Prompt:
Only one stretch of the data below is needed. Output the lines from the one with "Cryptocurrencies are great" up to and including the one with "profile and close", exactly as they stand.

Input data:
--- --- ---

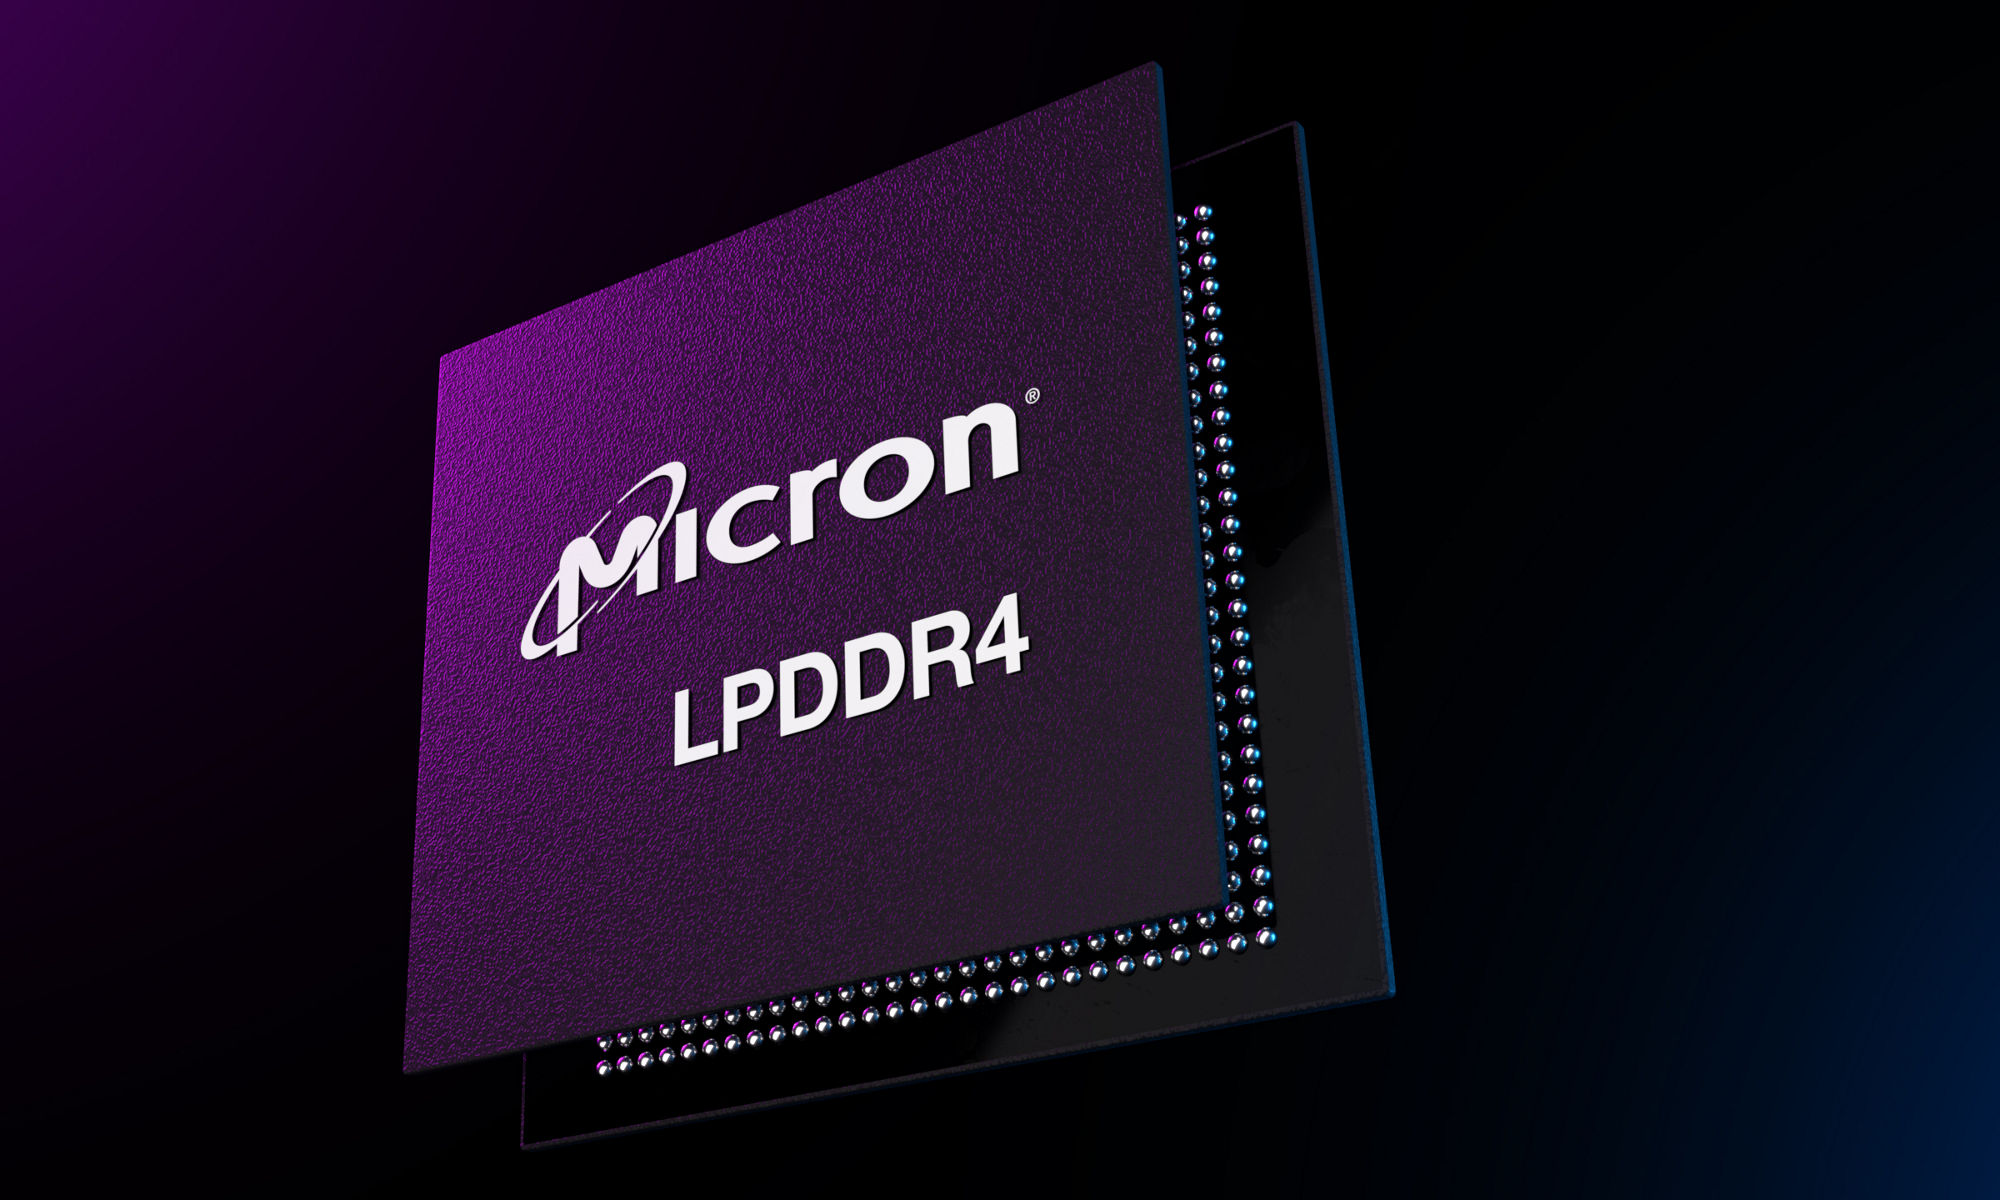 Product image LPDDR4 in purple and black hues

--- --- ---

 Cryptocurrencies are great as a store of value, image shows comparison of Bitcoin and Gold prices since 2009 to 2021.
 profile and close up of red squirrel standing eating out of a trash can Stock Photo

--- --- ---

Output of the exercise:
 Cryptocurrencies are great as a store of value, image shows comparison of Bitcoin and Gold prices since 2009 to 2021.
 profile and close up of red squirrel standing eating out of a trash can Stock Photo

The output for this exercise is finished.